JAKARTA, KOMPAS.com - Persoalan banjir yang menjadi masalah utama Provinsi DKI Jakarta menginspirasi Badan Meteorologi, Klimatologi, dan Geofisika untuk membuat modul kurikulum perubahan iklim bagi siswa-siswi SD, SMP, SMA ,dan SMK di DKI Jakarta. Rencananya, modul kurikulum tersebut akan diterapkan pada pertengahan tahun depan.
Demikian diungkapkan Kepala Pusat Perubahan Iklim dan Kualitas Udara BMKG Edwin Aldrian, Minggu (19/12/2010), di sela-sela acara Ajang Kreasi ”Gaya Hidup Tanpa Banjir” di Taman Seni Ancol, Jakarta Utara.
”Kurikulum ini akan dimasukkan dalam muatan lokal. Diharapkan, pendidikan tentang perubahan iklim bisa membangun kesadaran publik tentang pentingnya antisipasi perubahan iklim, termasuk banjir,” ujarnya.
Menurut Edwin, selain diterapkan di Jakarta, modul kurikulum perubahan iklim juga akan diterapkan di empat provinsi lain, yaitu Jawa Barat, Jawa Timur, Sumatera Utara, dan Sulawesi Tenggara. Rencananya, modul ini akan dikemas dan disesuaikan dengan kearifan lokal setiap daerah.
”Penyusunan modul kurikulum perubahan iklim kami targetkan selesai pertengahan tahun dan bisa dipraktikkan sekitar bulan Juni 2011,” kata Edwin.
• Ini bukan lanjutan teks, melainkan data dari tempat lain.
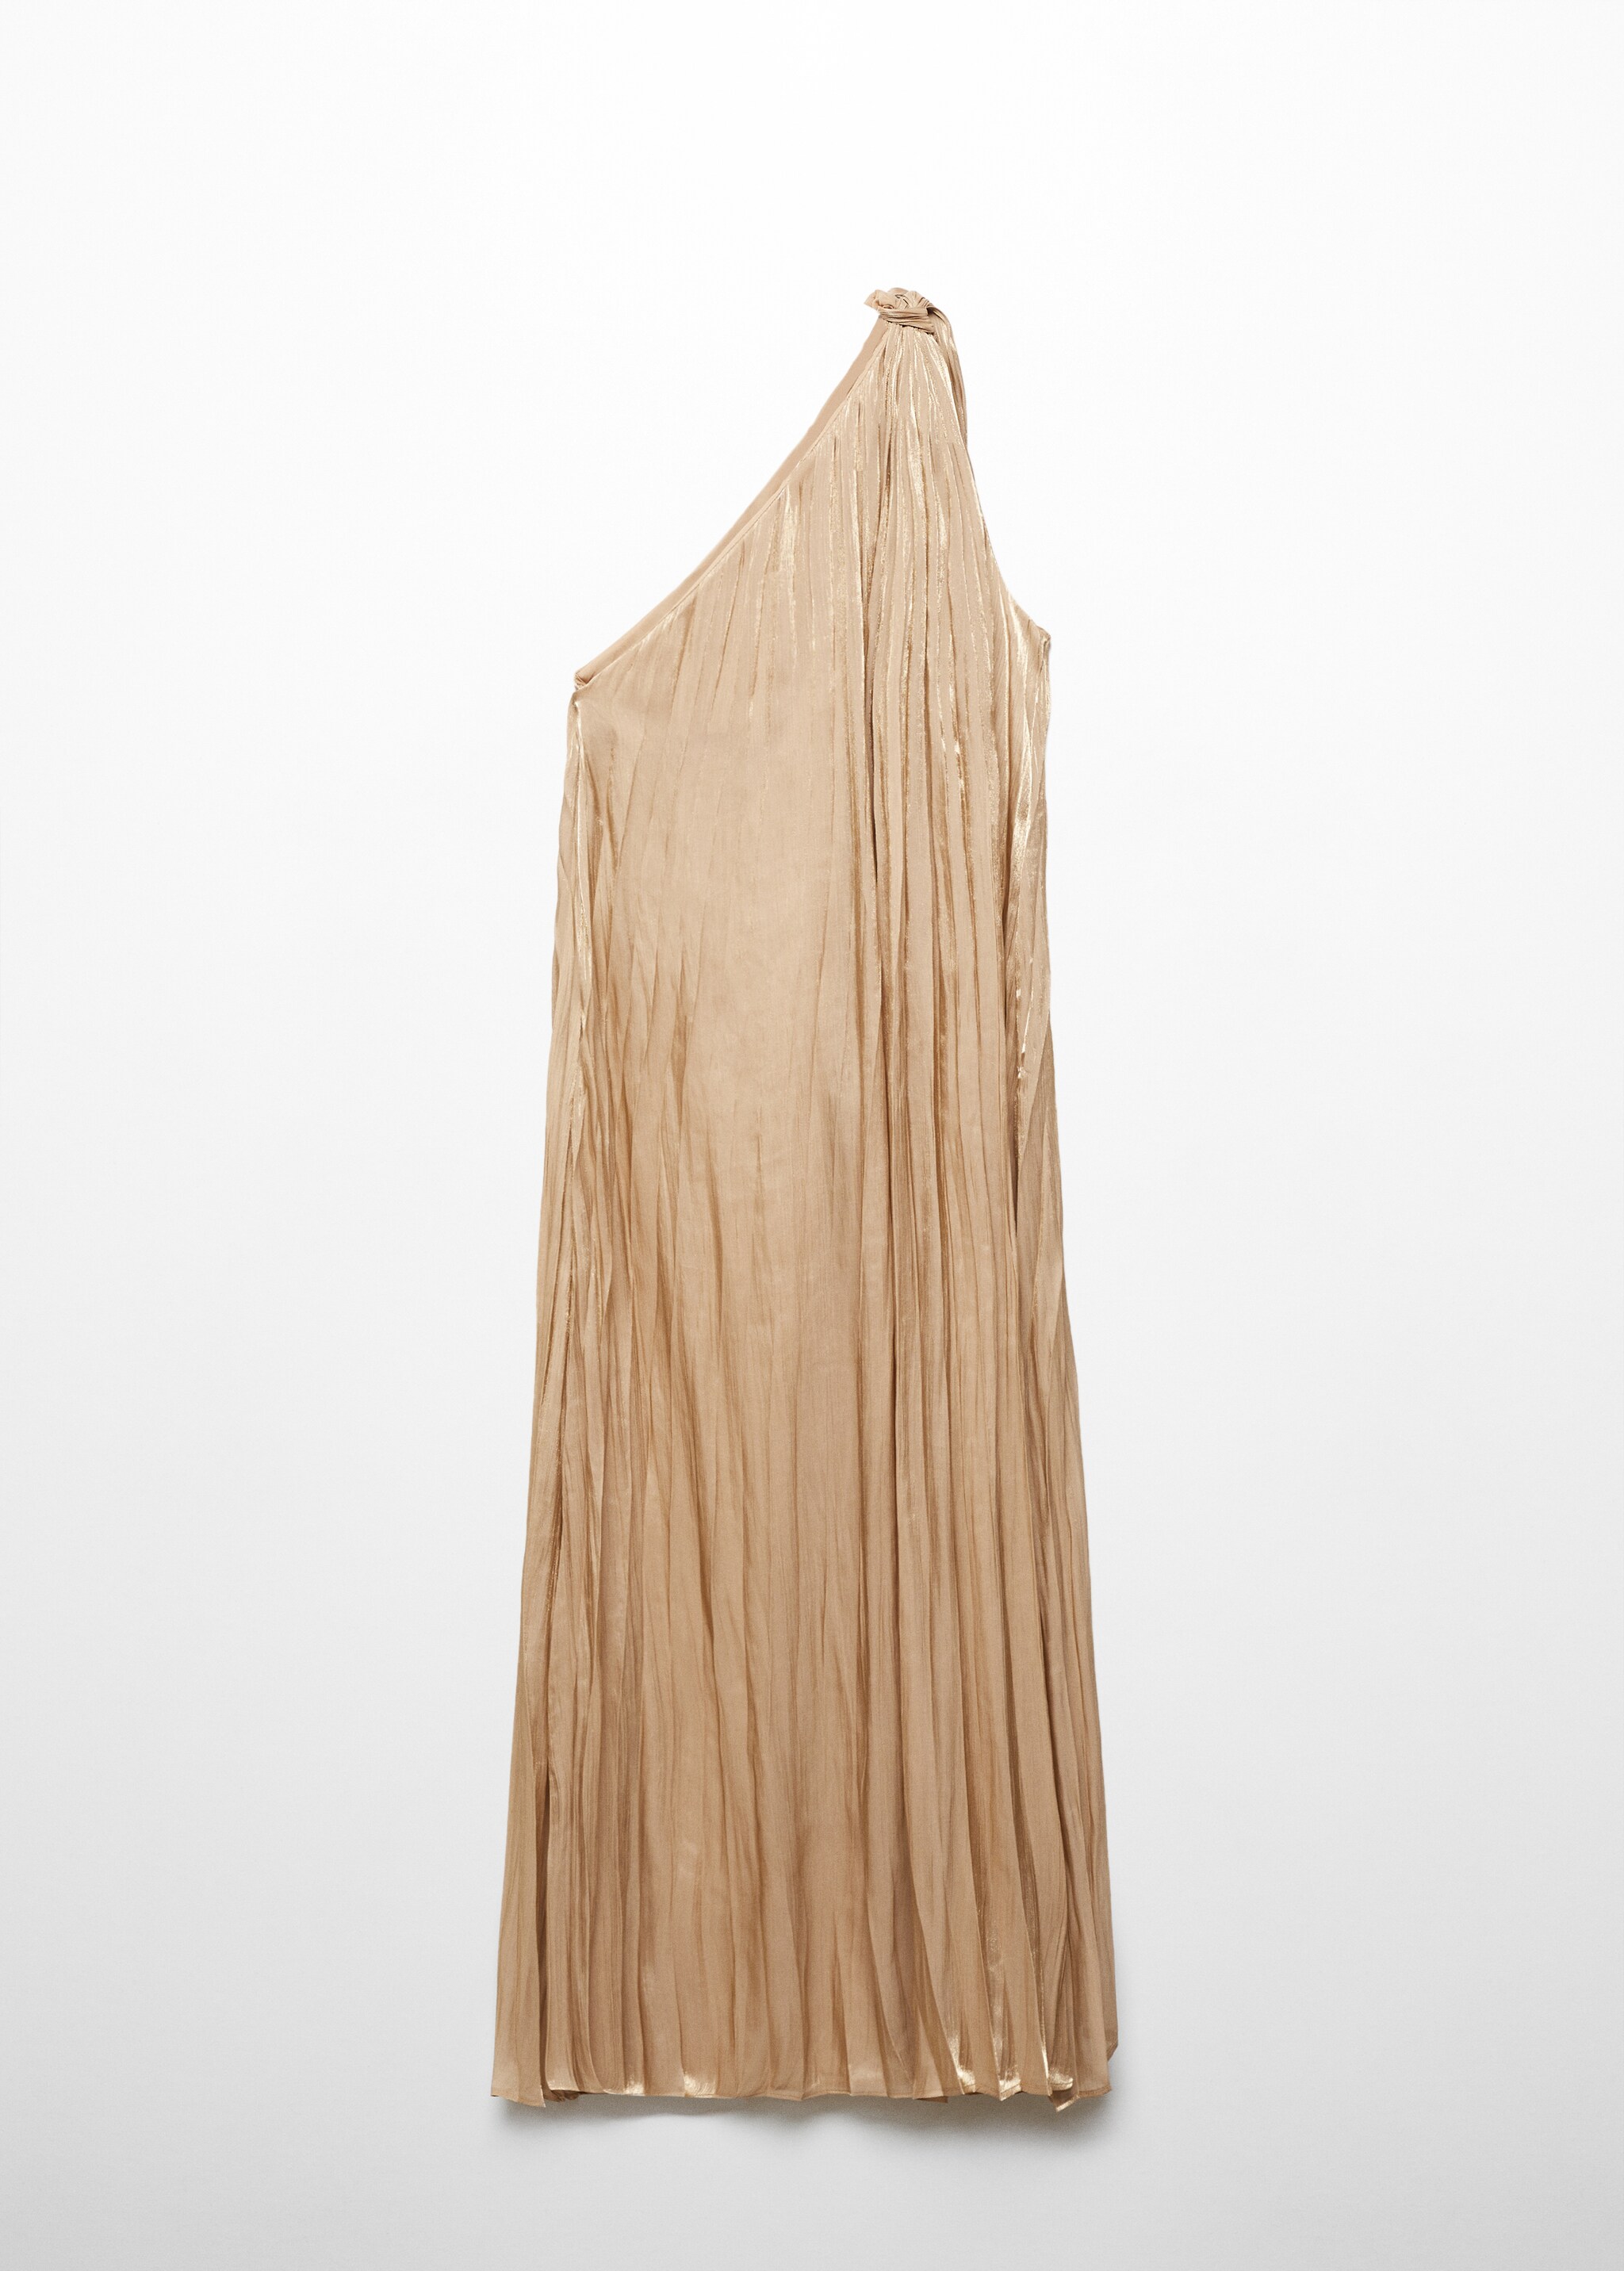 Asymmetrical pleated dress - Article without model
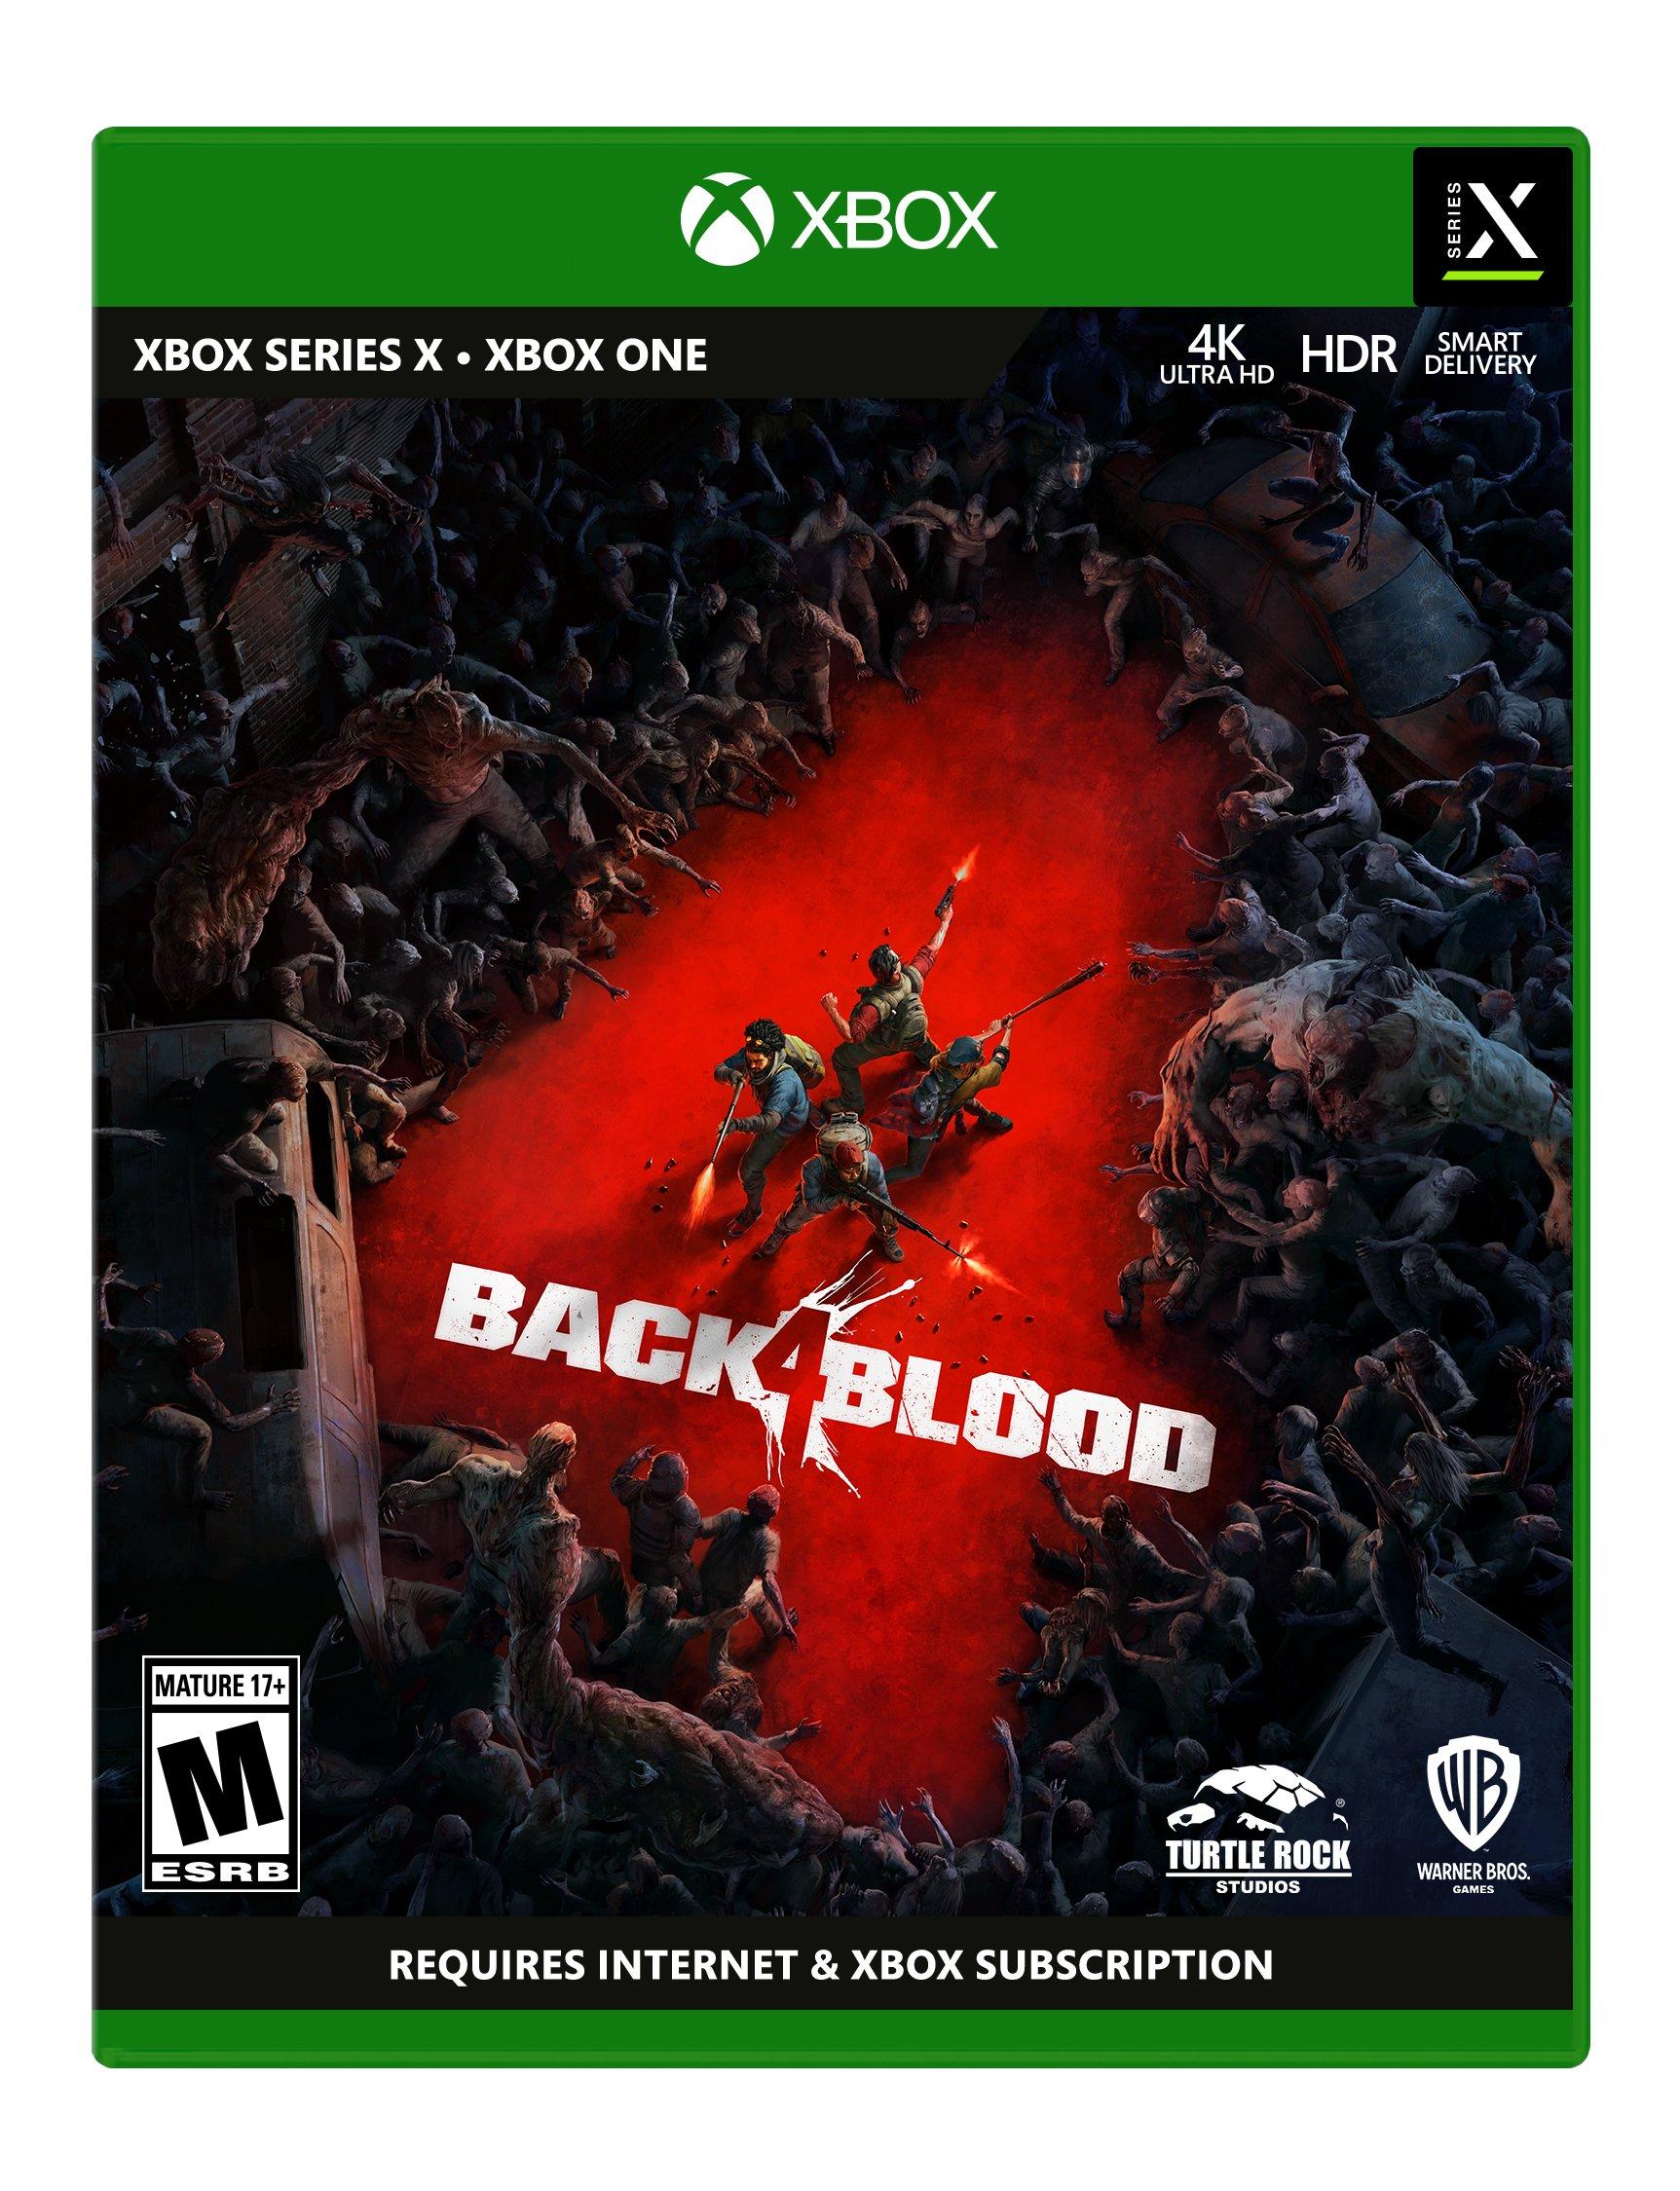 Back 4 Blood Appears to be Coming to Xbox Game Pass for Console and PC on

Sementara itu, Wakil Direktur PT Pembangunan Jaya Ancol Agus Rochiyardi mengatakan, sejak tahun 2007 hingga 2010, PT Pembangunan Jaya Ancol bersama sejumlah lembaga swadaya masyarakat juga melakukan sosialisasi tentang antisipasi fenomena perubahan iklim. Kegiatan ini dikemas dalam acara ”Teens Go Green”.
”Para pelajar kami ajak untuk belajar melakukan konservasi alam secara sukarela. Kami berharap mereka bisa menjadi agen perubahan di keluarga dan sekolah,” kata Agus. (ABK)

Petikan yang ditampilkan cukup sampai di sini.